== Task requirements ==
Only the lines from the one containing "Casual Culture Collection" through the end of the data belong in the answer; reproduce them exactly.

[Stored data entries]
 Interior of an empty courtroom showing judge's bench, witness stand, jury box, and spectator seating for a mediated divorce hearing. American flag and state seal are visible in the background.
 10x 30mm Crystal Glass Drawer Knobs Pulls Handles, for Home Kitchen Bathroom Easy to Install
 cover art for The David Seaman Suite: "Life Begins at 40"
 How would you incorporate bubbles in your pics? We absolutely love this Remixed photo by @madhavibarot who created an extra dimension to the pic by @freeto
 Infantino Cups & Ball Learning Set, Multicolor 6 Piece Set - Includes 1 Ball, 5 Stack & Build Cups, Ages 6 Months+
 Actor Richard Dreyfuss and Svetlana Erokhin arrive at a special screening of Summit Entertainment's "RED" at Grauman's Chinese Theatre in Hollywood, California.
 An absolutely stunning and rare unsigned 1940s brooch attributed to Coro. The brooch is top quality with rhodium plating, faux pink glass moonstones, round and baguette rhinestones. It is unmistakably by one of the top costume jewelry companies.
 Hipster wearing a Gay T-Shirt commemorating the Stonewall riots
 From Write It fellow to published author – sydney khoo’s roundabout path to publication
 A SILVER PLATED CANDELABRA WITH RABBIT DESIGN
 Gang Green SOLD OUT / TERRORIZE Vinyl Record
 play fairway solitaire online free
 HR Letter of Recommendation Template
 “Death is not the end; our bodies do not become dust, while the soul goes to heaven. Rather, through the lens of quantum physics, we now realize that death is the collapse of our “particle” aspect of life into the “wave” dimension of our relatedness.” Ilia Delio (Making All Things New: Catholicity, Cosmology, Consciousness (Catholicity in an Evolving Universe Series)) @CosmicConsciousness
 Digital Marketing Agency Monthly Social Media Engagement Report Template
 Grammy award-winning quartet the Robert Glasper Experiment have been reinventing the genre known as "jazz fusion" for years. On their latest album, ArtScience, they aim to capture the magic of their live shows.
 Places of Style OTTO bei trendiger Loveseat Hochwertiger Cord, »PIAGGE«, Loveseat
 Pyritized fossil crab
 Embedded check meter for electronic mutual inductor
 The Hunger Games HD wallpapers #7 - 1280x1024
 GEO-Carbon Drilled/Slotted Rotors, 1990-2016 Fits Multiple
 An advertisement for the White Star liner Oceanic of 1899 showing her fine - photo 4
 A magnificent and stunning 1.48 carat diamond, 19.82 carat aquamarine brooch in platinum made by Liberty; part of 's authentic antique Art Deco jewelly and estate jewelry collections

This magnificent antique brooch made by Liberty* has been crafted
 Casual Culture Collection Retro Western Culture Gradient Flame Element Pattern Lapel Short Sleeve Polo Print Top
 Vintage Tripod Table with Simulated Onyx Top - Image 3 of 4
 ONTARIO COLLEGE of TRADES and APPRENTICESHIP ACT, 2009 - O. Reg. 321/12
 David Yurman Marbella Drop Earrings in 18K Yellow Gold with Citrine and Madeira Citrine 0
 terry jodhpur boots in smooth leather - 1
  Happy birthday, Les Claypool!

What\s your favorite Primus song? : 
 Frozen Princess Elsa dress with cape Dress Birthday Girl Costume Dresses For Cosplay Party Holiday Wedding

== Exercise result ==
 Casual Culture Collection Retro Western Culture Gradient Flame Element Pattern Lapel Short Sleeve Polo Print Top
 Vintage Tripod Table with Simulated Onyx Top - Image 3 of 4
 ONTARIO COLLEGE of TRADES and APPRENTICESHIP ACT, 2009 - O. Reg. 321/12
 David Yurman Marbella Drop Earrings in 18K Yellow Gold with Citrine and Madeira Citrine 0
 terry jodhpur boots in smooth leather - 1
  Happy birthday, Les Claypool!

What\s your favorite Primus song? : 
 Frozen Princess Elsa dress with cape Dress Birthday Girl Costume Dresses For Cosplay Party Holiday Wedding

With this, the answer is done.